The deal could also provide synergies between Austin, Texas-based Amherst and Koch’s consumer and building products arm, which includes manufacturers of carpeting, glass, insulation, shingles, wallboard and lighting systems. Amherst, which operates roughly 22,000 homes, could use Koch products when renovating homes or use the relationship to build a supply chain for developing purpose-built rental homes, one of the people said.

That model, known as “build-to-rent,” has gained popularity with investors including JPMorgan Chase & Co.’s asset-management arm, which recently expanded a $625 million joint venture with landlord American Homes 4 Rent to develop roughly 2,500 single-family rental homes in high-growth markets in the U.S. West and Southeast.

Ladder, Front Yard

Koch earlier this month bet on another corner of real estate by providing a roughly $200 million credit facility to mortgage real estate investment trust Ladder Capital Corp. As part of that deal, Koch has the option to make a $32 million equity investment in Ladder by the end of the year.
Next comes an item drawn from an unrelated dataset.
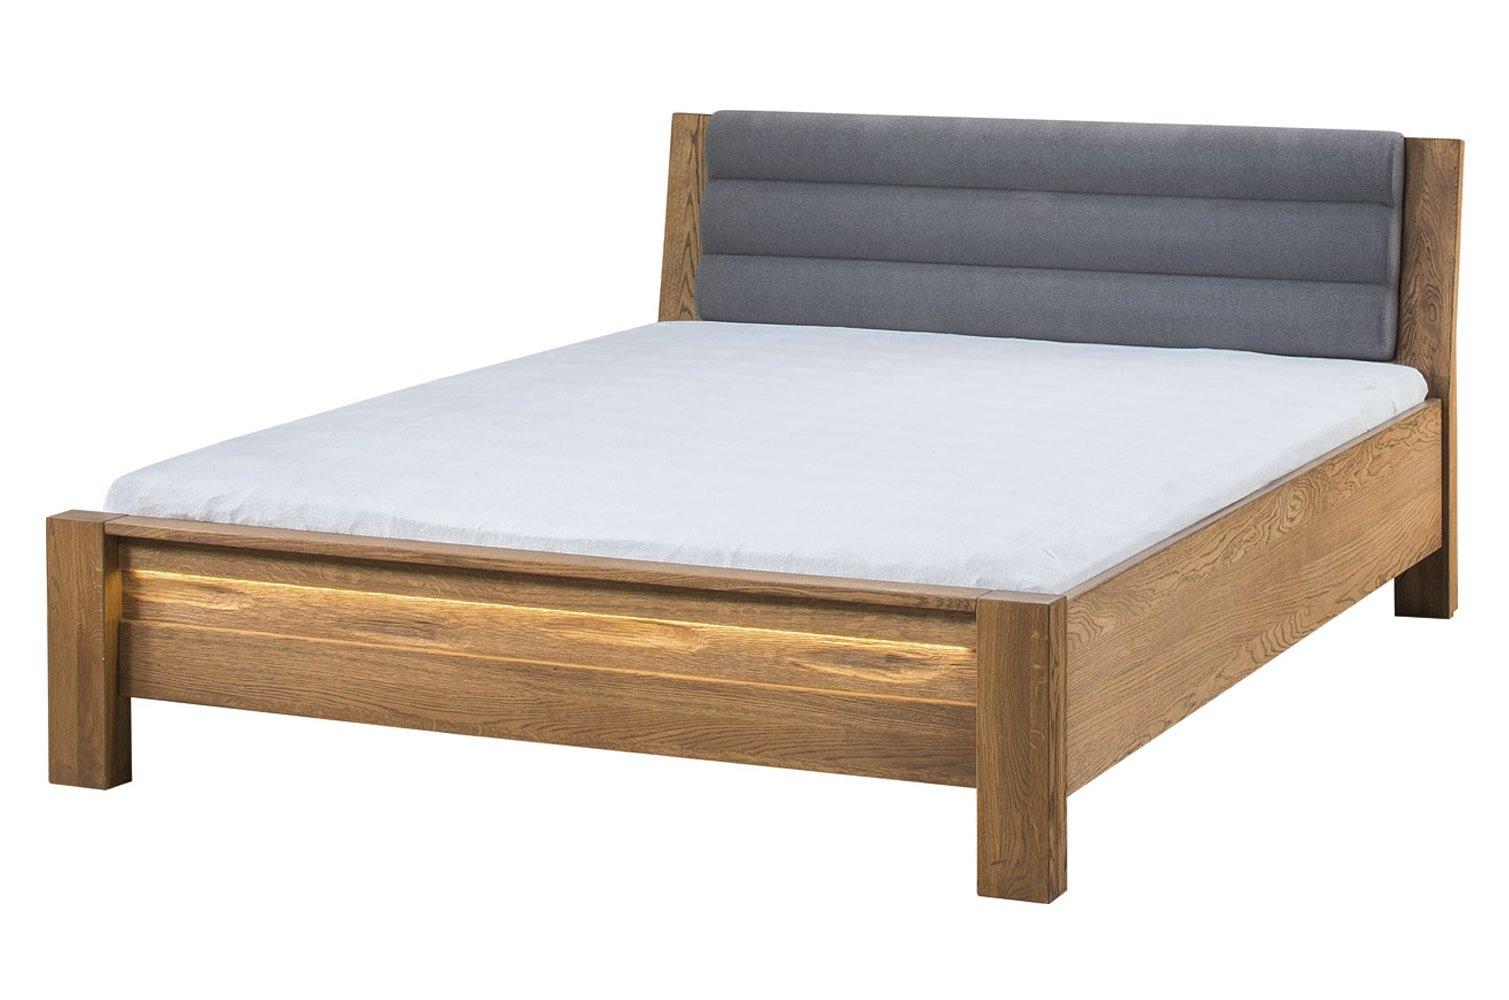 Szynaka Manželská posteľ Velvet 76 Farba: Sivá

On May 4, Amherst terminated a $2.3 billion deal to acquire publicly traded rival Front Yard Residential Corp., a single-family landlord with about 15,000 properties. The agreement, reached in February, fell apart after the coronavirus pandemic roiled real estate markets amid stay-at-home orders nationwide.

In breaking the deal, Amherst agreed to pay a $25 million termination fee, purchase $55 million worth of Front Yard shares and provide the landlord with a $20 million unsecured loan facility.